Inwestorzy obawiają się, że będzie to rzutowało na inne obietnice nowej administracji w USA i w rezultacie odwrócili się od ryzykownych aktywów.
W minionym tygodniu wszyscy czekali na głosowanie w Izbie Reprezentantów nad projektem ustawy zmieniającej tzw. Obamacare. Pierwotnie miało się ono odbyć w czwartek, ale z braku większościowego poparcia przesunięto je na piątek. Gdy okazało się, że cały czas sztandarowy projekt Donalda Trumpa nie uzyskuje potrzebnej ilości głosów, wycofano się z niego. Stało się to tuż przed zamknięciem sesji na Wall Street i początkowo inwestorzy do tej informacji podeszli dość spokojnie, gdyż indeks S&P500 kończył miniony tydzień jedynie kosmetycznym spadkiem. To podejście zmieniło się jednak w trakcie weekendu, gdy nie brakowało ostrych słów podkreślających wagę „największej porażki Trumpa". Twierdzono, że to kolejna z całego pasma decyzji, które de facto nie mogą być wprowadzone w życie. Oznacza to, że podobny los może spotkać sztandarowe z punktu widzenia inwestorów projekty związane z obniżeniem podatków czy wzrostem wydatków na infrastrukturę. Taka retoryka wydaje się nieco przesadzona, ale padła na podatny grunt rynków chętnych do korekty i na początku tygodnia została ochoczo podjęta przez inwestorów. Tym samym obserwowaliśmy ogólny odwrót od ryzyka, który widoczny był na wszystkich klasach aktywów. Taniały więc akcje, surowce i dolar. Drożały z kolei obligacje, złoto oraz frank szwajcarski. Powodowało to również zmniejszenie prawdopodobieństwa kontynuacji wzrostu inflacji w przyszłości i wydaje się, że głównie tym kanałem szczególnie silnie uderzyło w GPW. Wynika to z faktu, że tzw. „inflation trade" bardzo pozytywnie wpływał na spółki surowcowe oraz banki. Są to dwie kluczowe branże dla polskiego rynku kapitałowego i w konsekwencji dzisiejsze spadki indeksu WIG20 przekraczały te obserwowane w Europie Zachodniej.

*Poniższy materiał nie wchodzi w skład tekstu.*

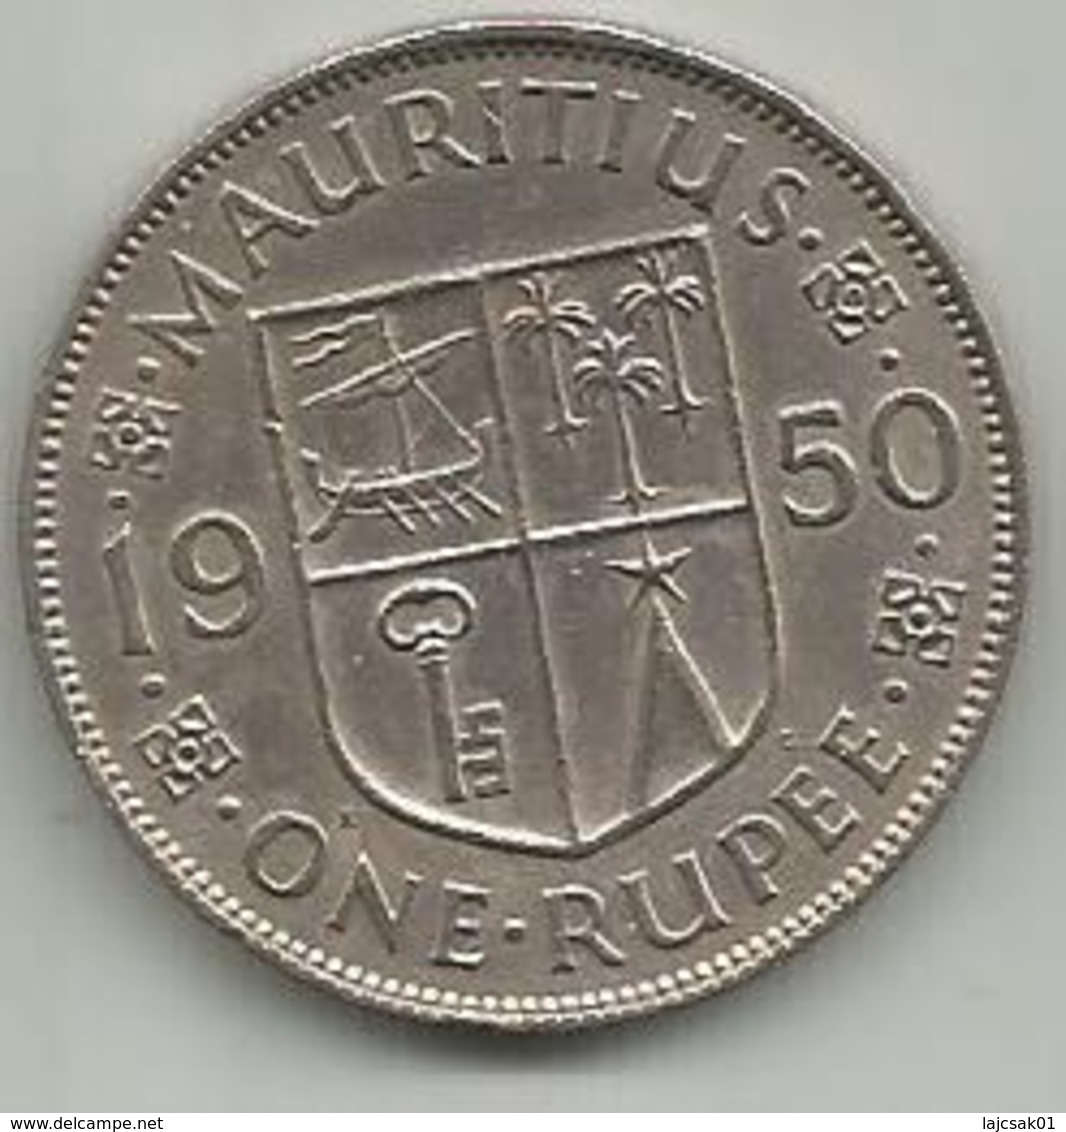 Mauritius 1 Rupee 1950. KM#29.1 - Mauritius

Ostatecznie indeks WIG20 stracił 1,5% i zamknął się tuż nad psychologicznym poziomem 2200 pkt. To poważne ostrzeżenie przed możliwością głębszej korekty, która jednak nie jest jeszcze przesądzona. Wskazywały na to niewielkie obroty, które na całym rynku nie przekroczyły 700 mln zł. Z pewnością jednak nerwowość inwestorów rośnie, a związane jest to z zyskami, które zachęcają do realizacji.